Свен Хассель - Блицфриз
— Bien suûr[113], — уверенно отвечает Легионер.
— Иду, — выкрикивает Малыш. — Господи, как мне хорошо будет мертвому!
Мертвые покрыты слизью, а убийцы имеют алиби. Палач не только убивает, но и читает проповеди над мертвыми. Старая Германия, ты не заслужила этого!
Газета «Ле Тан», 3.07.1934 (после «Ночи длинных ножей» 30 июня)Воскресным утром в мае 1942 года на широкой, роскошной Бечьвью-аллее людей нет. На деревьях несколько дней назад начали раскрываться почки. Все одето полупрозрачной зеленью. Кажется, что после суровой зимы город начинает дышать снова.
На аллею сворачивает серый «хорьх», за ним — три черных «мерседеса». Они останавливаются посреди дороги у старого, аристократичного особняка. Люди в длинных шинелях и серых эсэсовских фуражках молодцевато выпрыгивают и бегут вверх по лестнице, впереди них невысокий человек в голубовато-сером мундире. Адольф Гитлер.
На третьем этаже они громко стучат в дверь. На небольшой бронзовой табличке фамилия «Бергер». Дверь не открывается сразу, и один из офицеров выбивает ее ногой.
Гитлер с пистолетом в руке врывается в квартиру.
Из другой комнаты выходит высокий, крепкосложенный человек в шелковом халате.
— Мой фюрер! — восклицает он в изумлении.
— Предатель! — кричит Гитлер, бросаясь вперед и хватая за горло генерала Бергера. — Предатель! Трусливая свинья! Я тебя арестую!
Он дважды бьет генерала по лицу и осыпает ругательствами.
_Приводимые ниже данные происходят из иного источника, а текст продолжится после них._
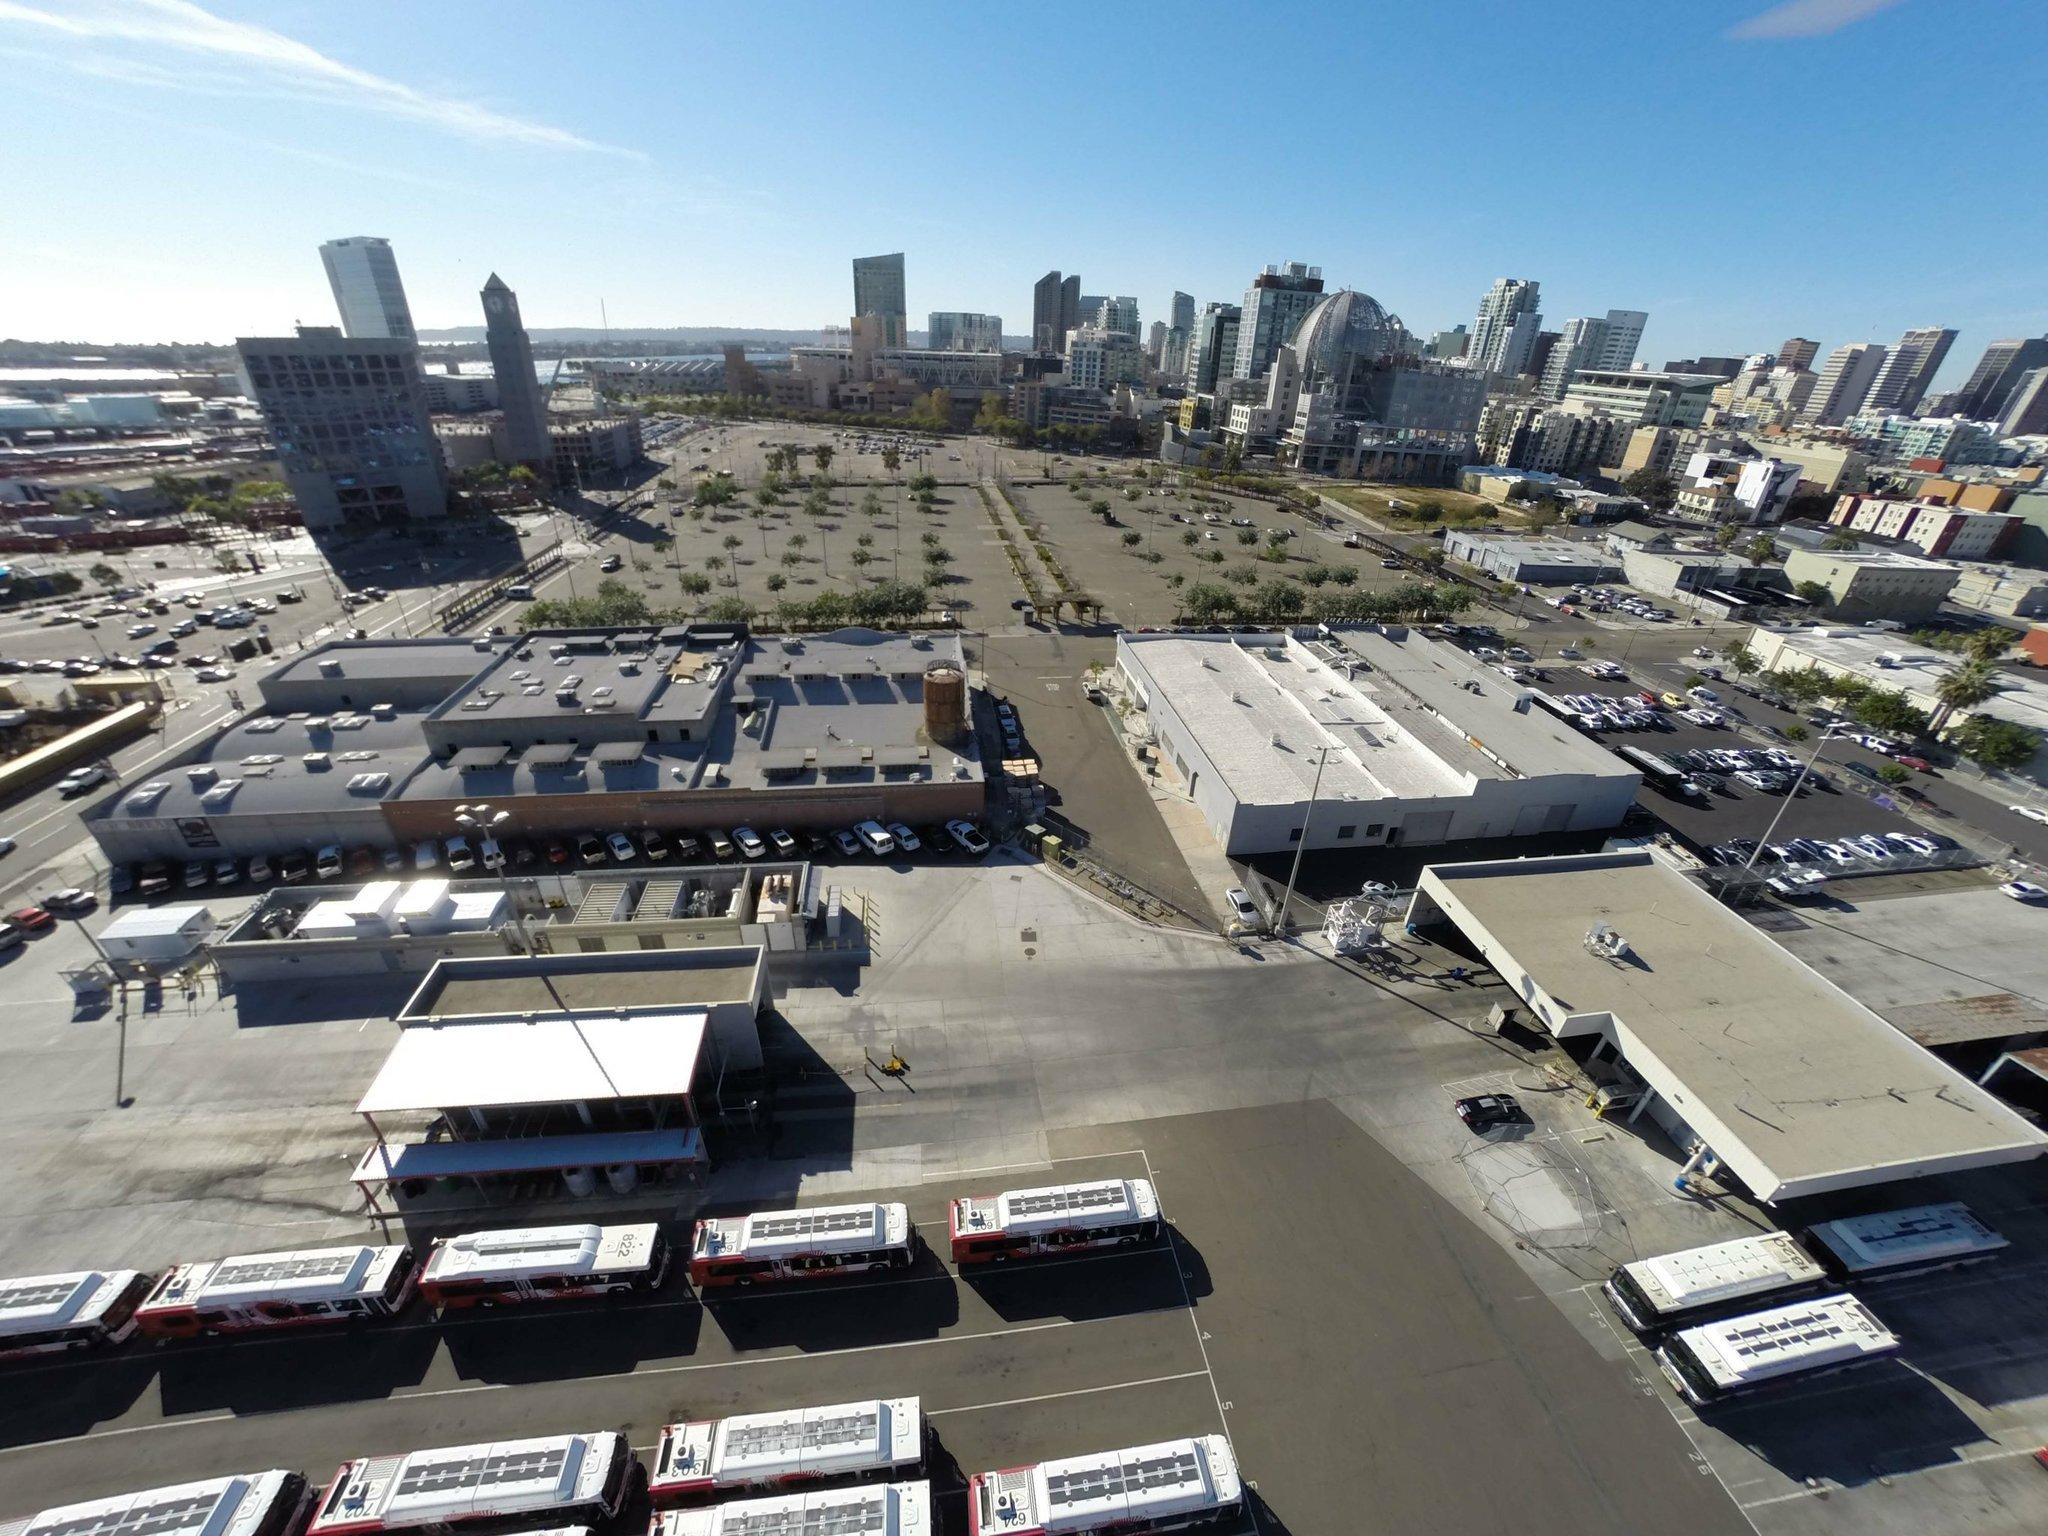 San Diego MTS Operating Facility Location Optimization

Потом поднимает «вальтер», быстро расстреливает всю обойму, резко поворачивается и чуть ли не вылетает из квартиры; фалды мундира развеваются за его спиной. Гауптштурмфюрер СС Рохнер впоследствии доверительно говорит одному из друзей, что фюрер напоминал ему летучую мышь. За эту доверительность он поплатится жизнью. Свои же товарищи расстреляют его в Дахау[114].
Слышавшие выстрелы соседи испуганно стоят у приоткрытых дверей. Их грубо заталкивают внутрь офицеры СС из охраны Гитлера.
Штудиенрату[115] Блюме, который укоряет их, безжалостно стреляют в переносицу на глазах жены и трех внучек. Жена отказывается отойти от двери, и ей разбивают лицо рукояткой пистолета.
ПАРТИЗАНКА
— Это уже пятнадцатый день, — говорит Старик обер-лейтенанту Мозеру. — Если в ближайшее время не нагоним своих, нам конец. Больше половины роты страдает от обморожений. У большинства из них гангрена. Двадцать три человека ранены. Четверо не переживут этой ночи.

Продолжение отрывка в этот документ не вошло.